Copy the data verbatim and leave out every picture.

SUPPLIED DATA:
----------

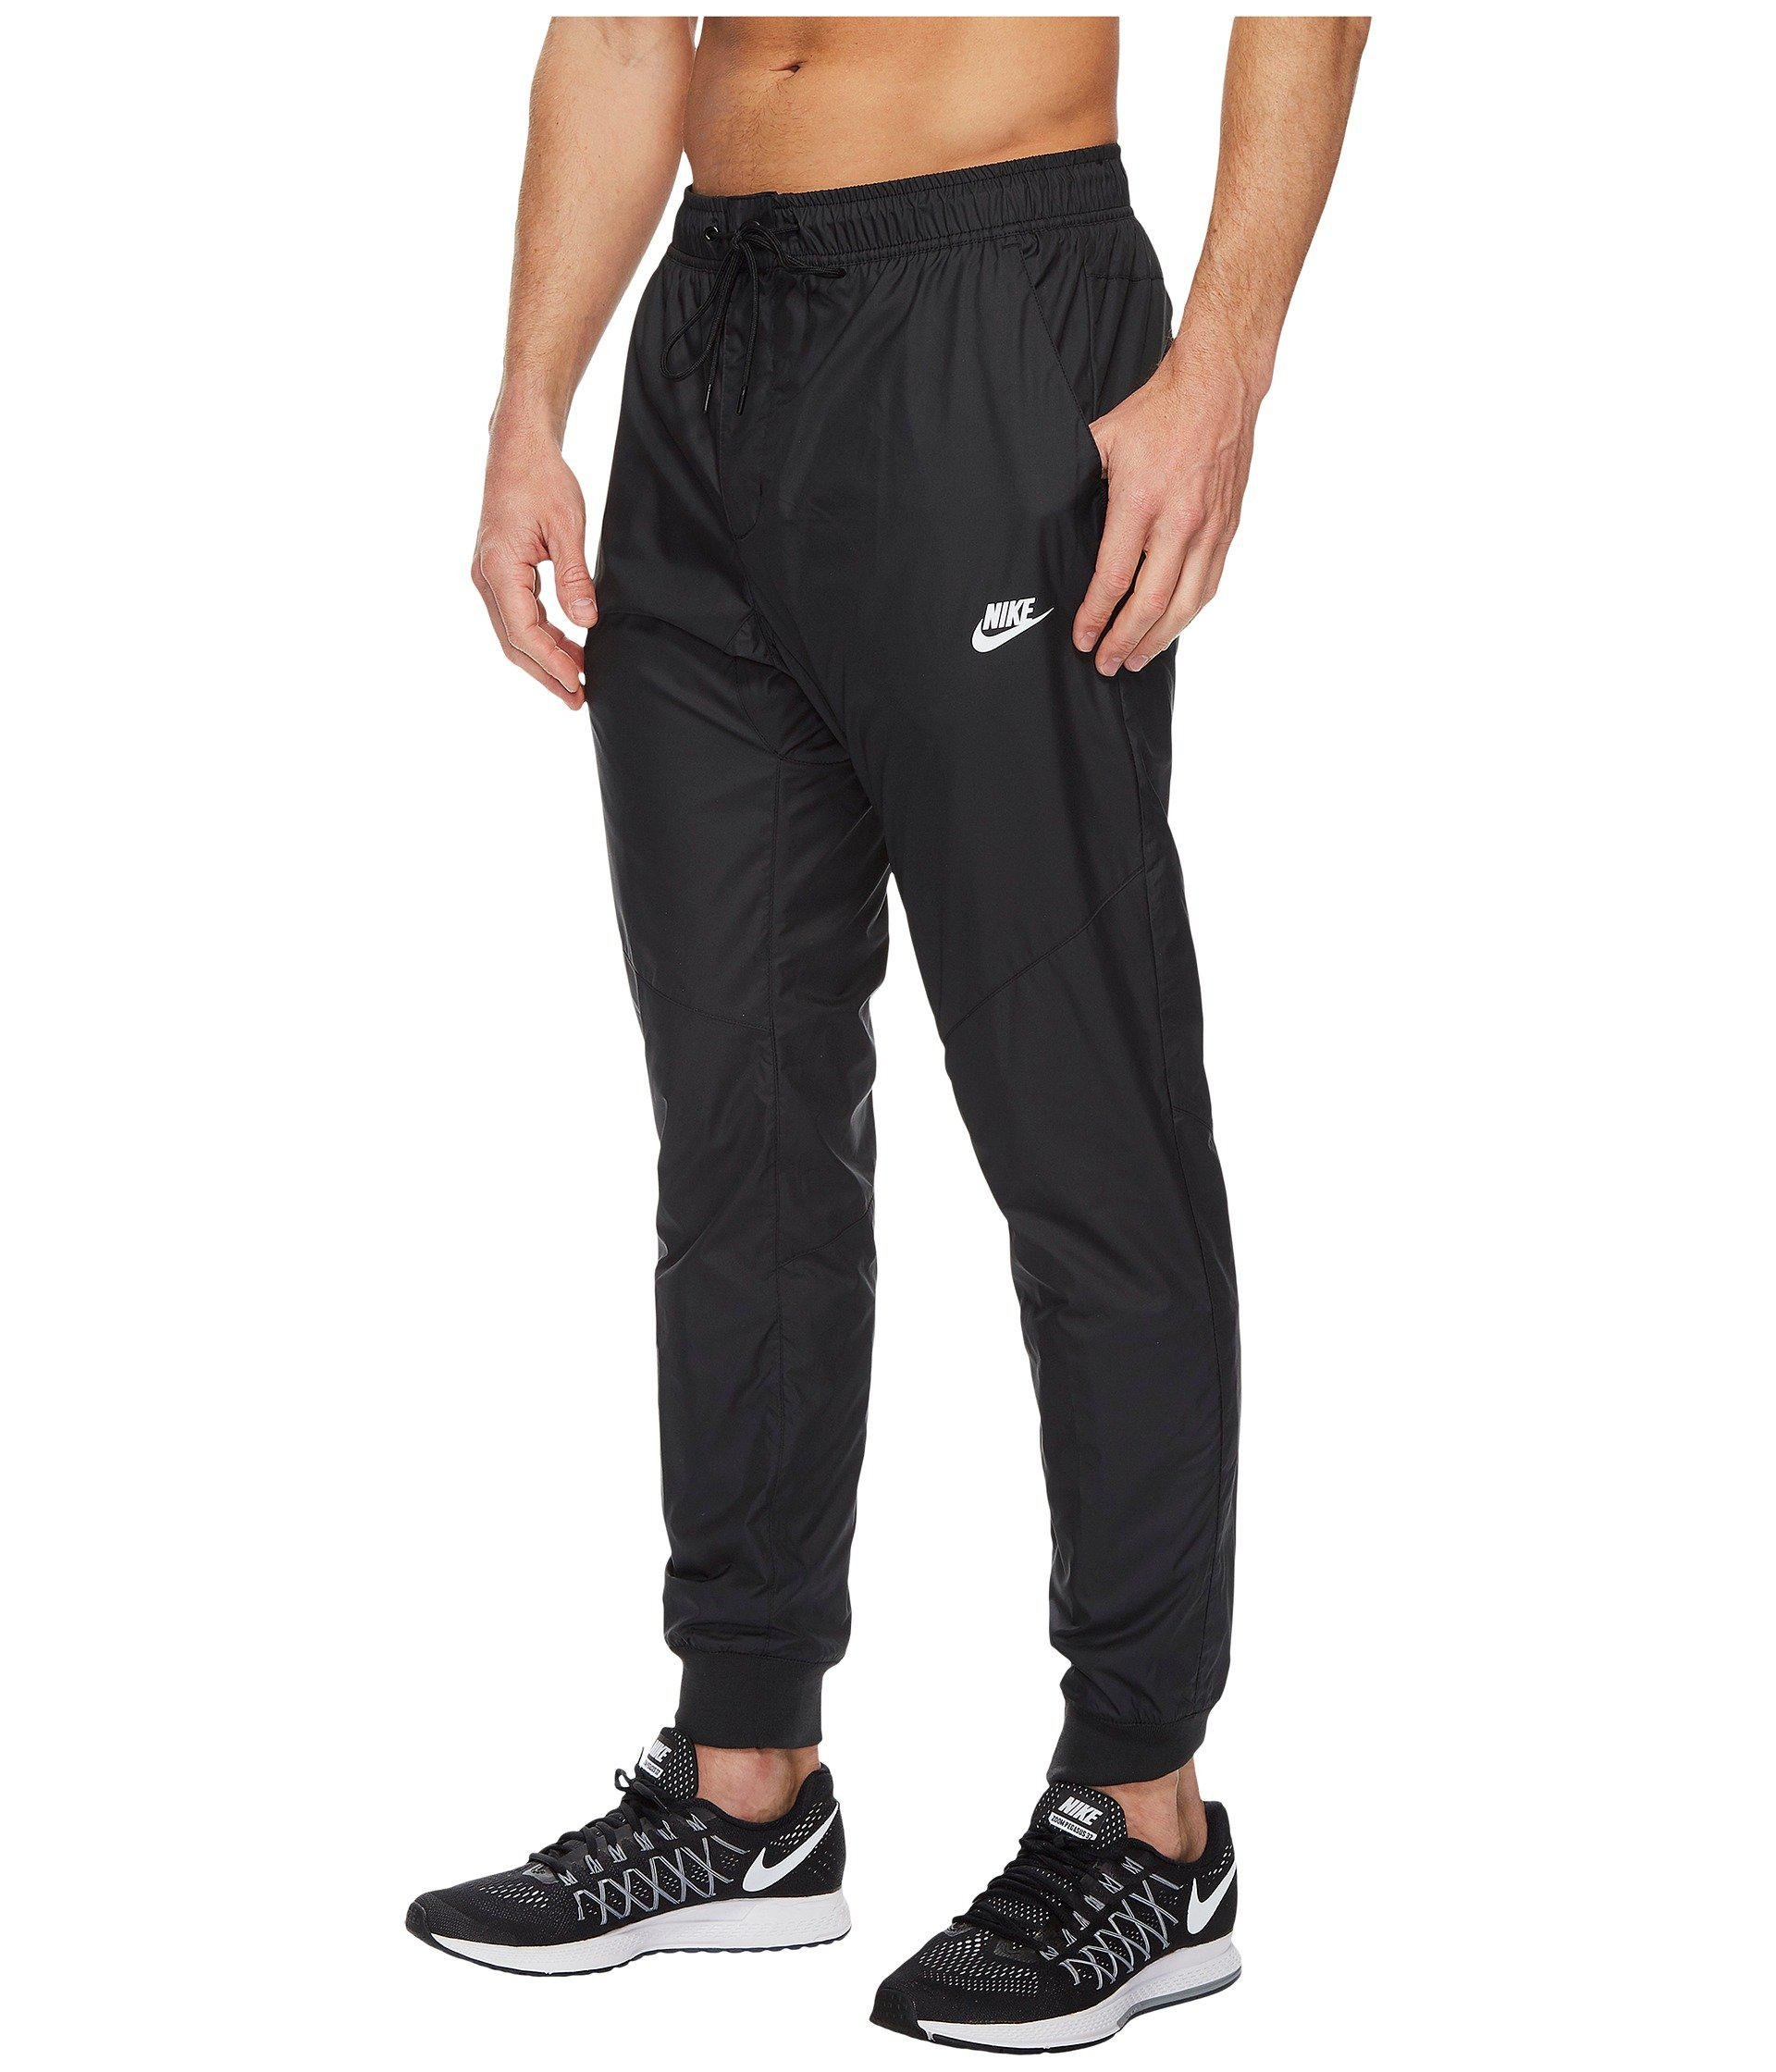 Nike Synthetic Sportswear Windrunner Pant in Black/Black/Black/White  (Black) for Men | Lyst
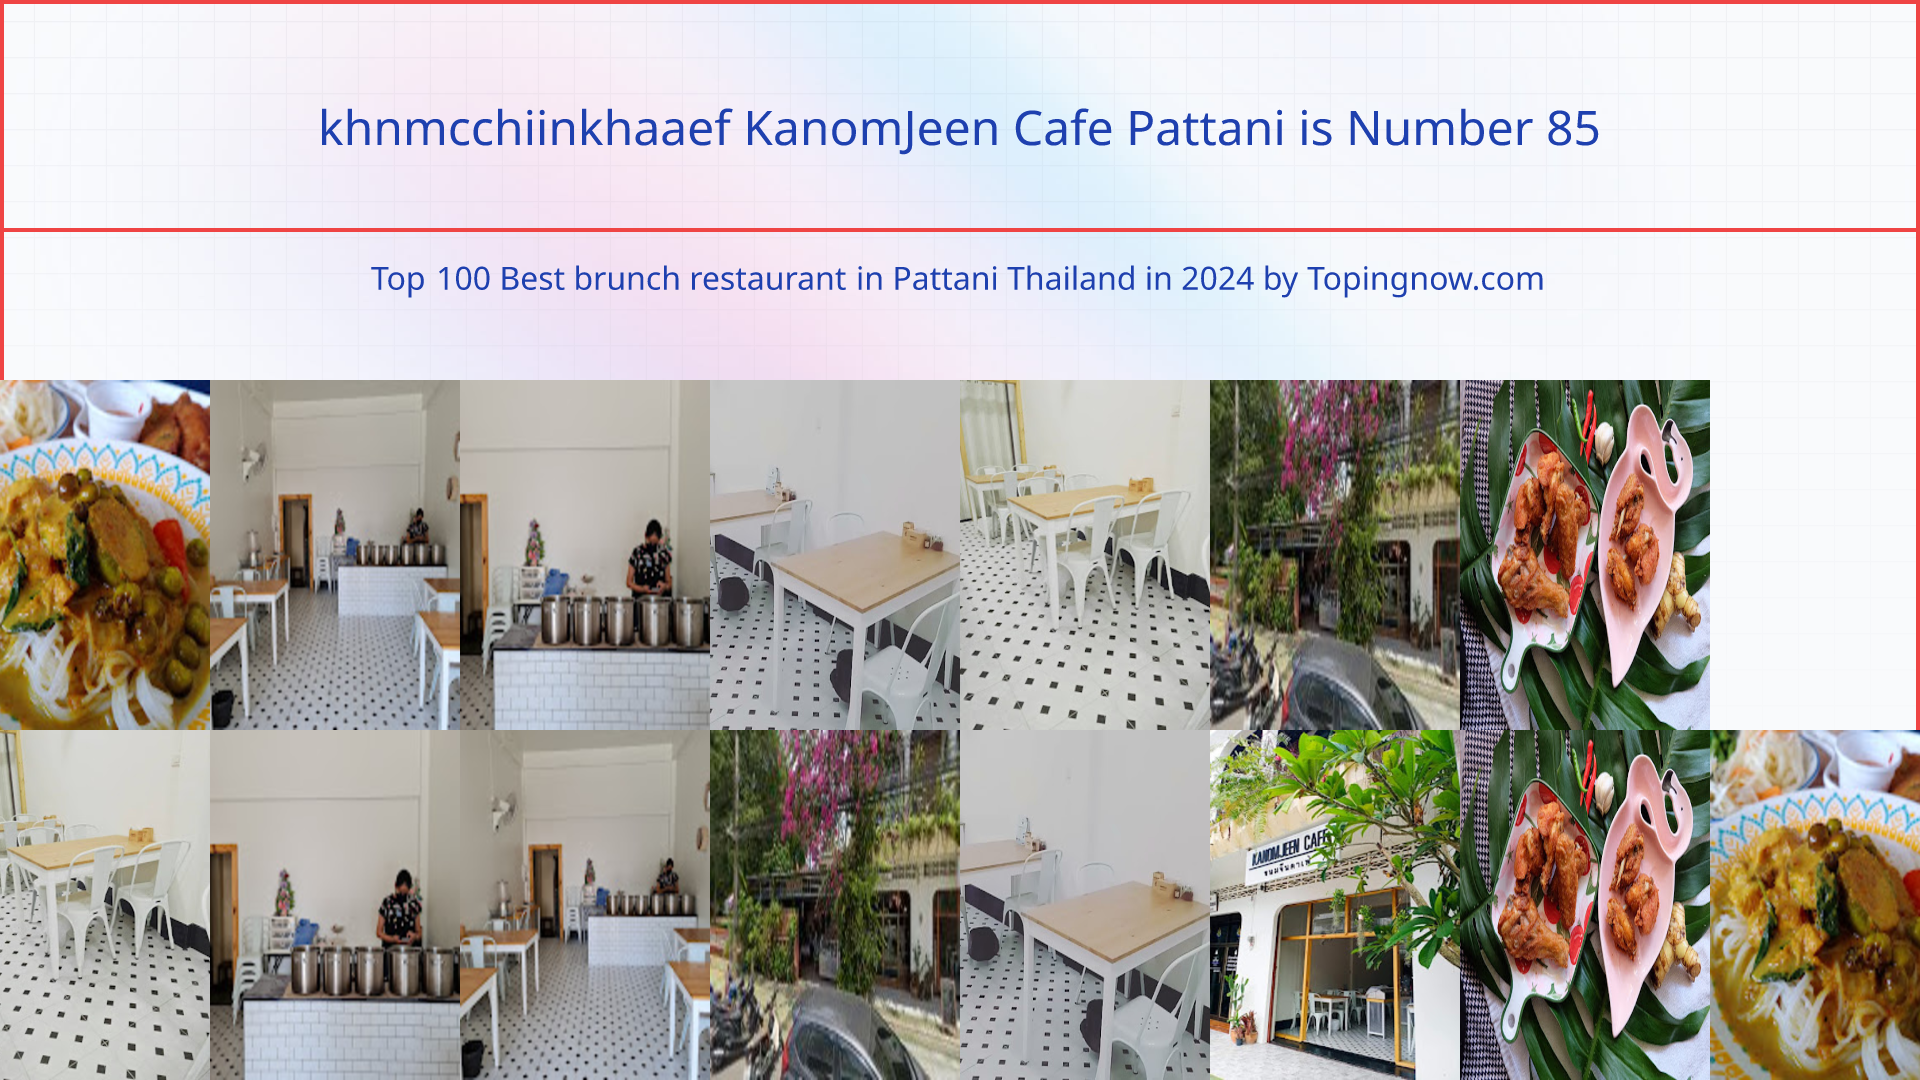 khnmcchiinkhaaef KanomJeen Cafe Pattani: Top 100 Best brunch restaurant in Pattani Thailand in 2024
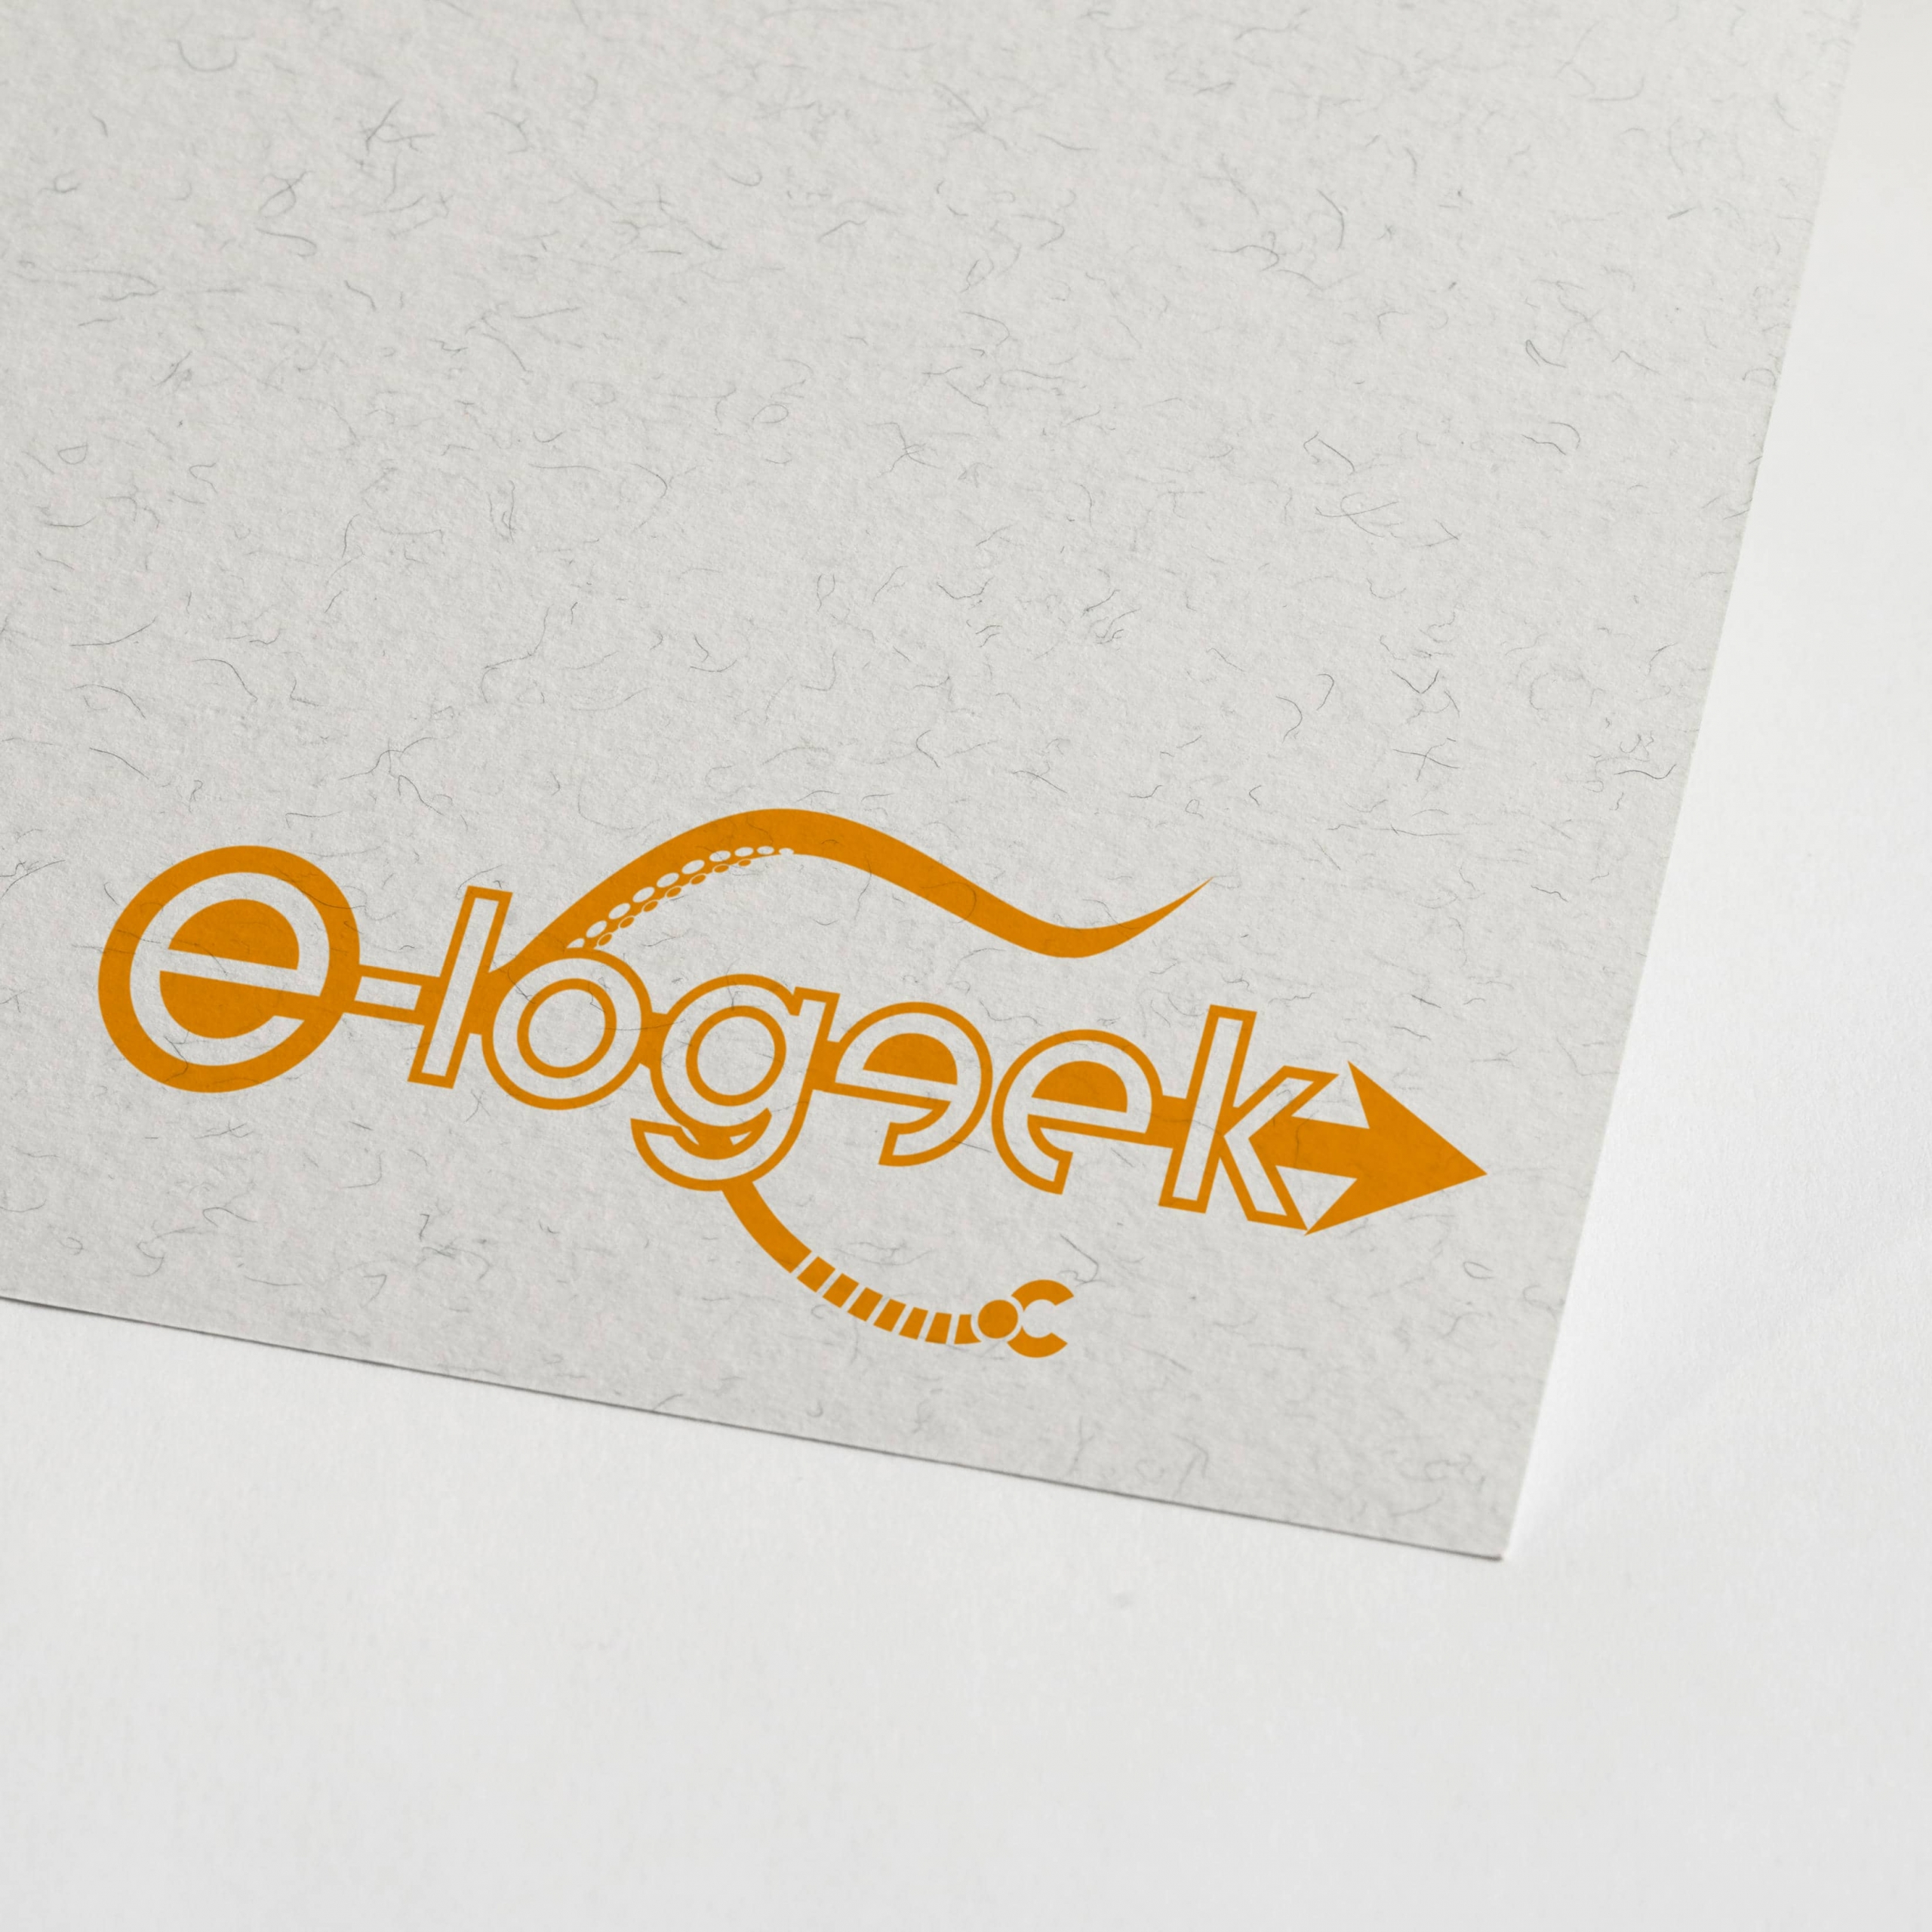 Logo E-logeek

----------

OUTPUT FOR THIS EXERCISE:
 Nike Synthetic Sportswear Windrunner Pant in Black/Black/Black/White  (Black) for Men | Lyst
 khnmcchiinkhaaef KanomJeen Cafe Pattani: Top 100 Best brunch restaurant in Pattani Thailand in 2024
 Logo E-logeek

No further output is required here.